Prosecutors have stated that they want to pursue the death penalty for a Ph.D. student who is accused of killing her friend’s newborn and assaulting the child’s twin brother while watching them in Pennsylvania.
If found guilty, the punishment could be lethal.
On June 16, while the baby’s parents, Ethan Katz and his wife Savannah Roberts, were taking their twin brother Ari to the hospital, Nicole Virzi, 30, is accused of killing and manslaughtering six-week-old Leon Katz. She was also charged with aggravated assault and child endangerment.

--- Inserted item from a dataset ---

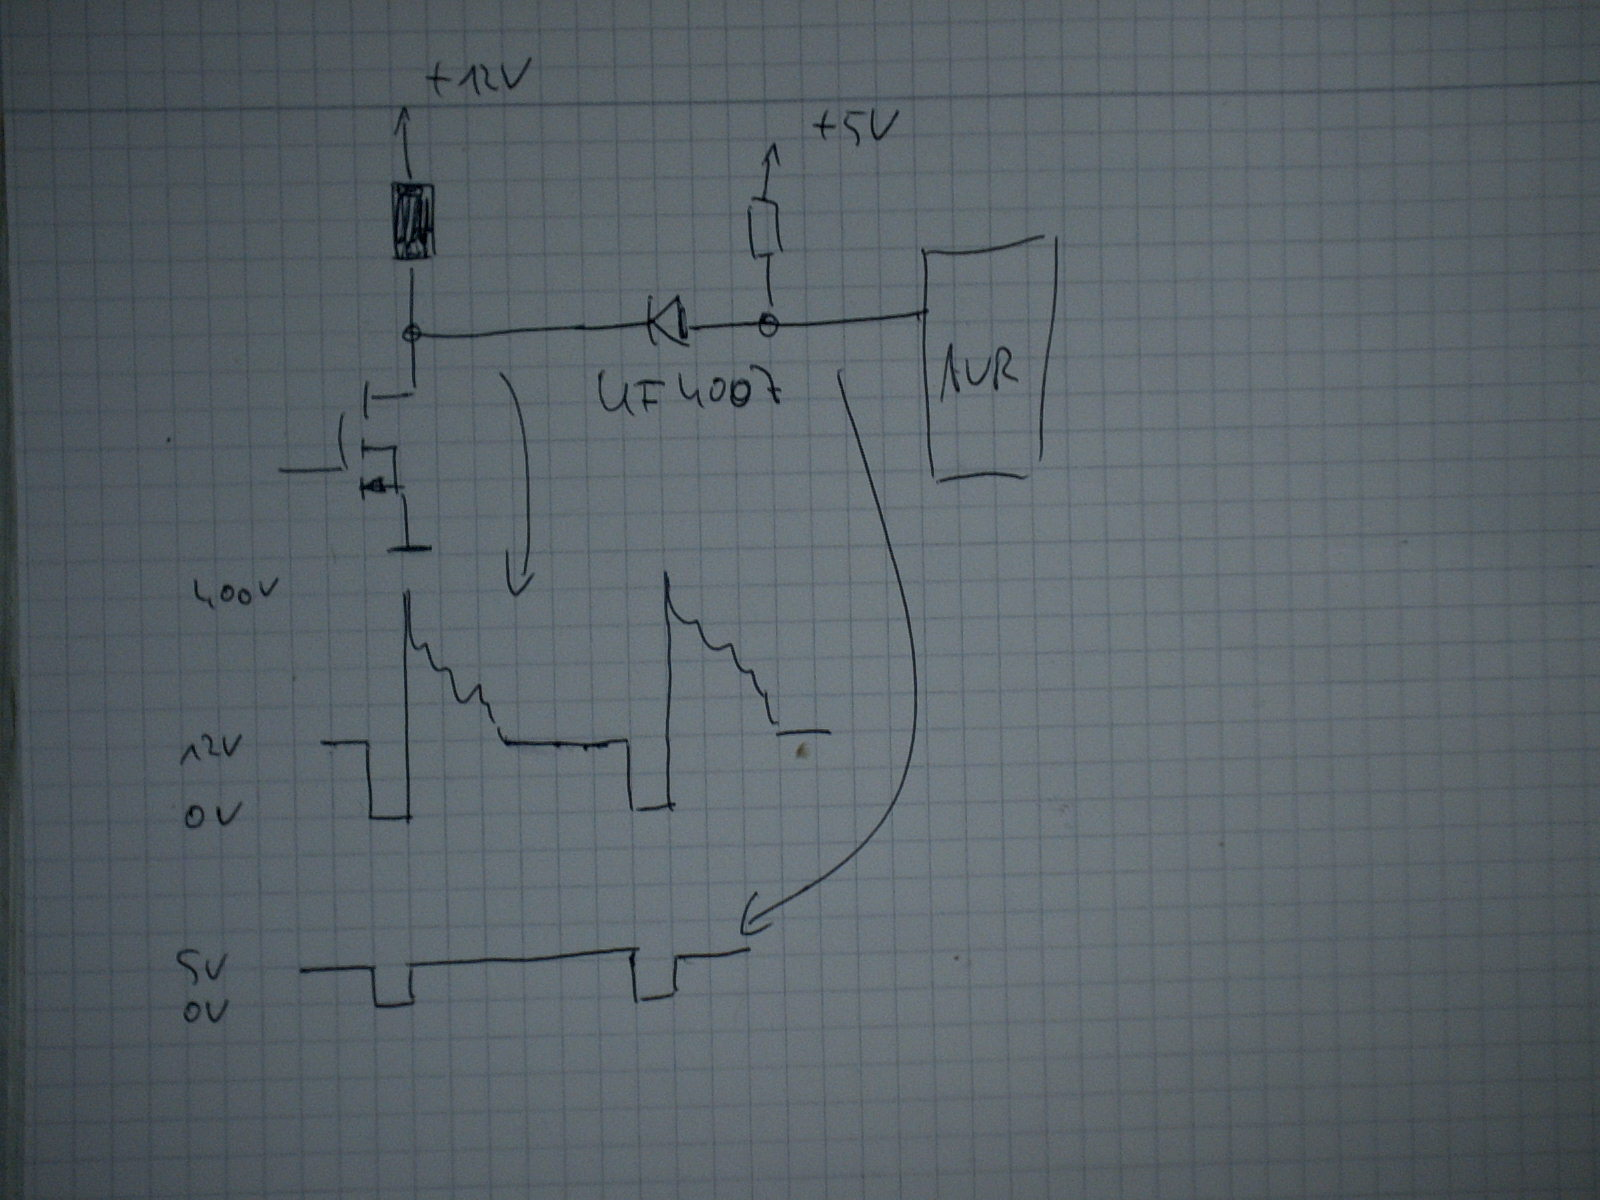 Drehzahlmesser; Elektronik - Mikrocontroller.net

Ari suffered abuse, Virzi was later accused of.
The Pittsburgh Post-Gazette stated that the Alleghany District Attorney’s Office declared in court on Friday that it planned to request Virzi’s execution.
According to the outlet, prosecutors announced their intention to seek the death penalty, citing many alleged abuses by Virzi that led to the baby’s demise, including claims that she tortured him to death.
Democratic governor of Pennsylvania, Josh Shapiro, has declared that he will not issue any execution warrants while he is in office. According to Virzi, Leon fell out of his bouncer chair when she briefly left him by himself so she could go get a bottle.
Nevertheless, according to a criminal complaint, doctors determined that the injuries received by both twins were “consistent with having been sustained as a result of child abuse, as these are inflicted injuries that are not natural and not accidental,” WTAE reported.
It was determined that Leon was killed.
Leon’s cause of death was determined by the medical examiner to be blunt force trauma to the head. The boy had multiple brain bleeds and a significant skull fracture to his left side of the head, according to a head CT scan.
After the baby passed away, a GoFundMe campaign was created to assist the family; it called Virzi a “trusted family friend.”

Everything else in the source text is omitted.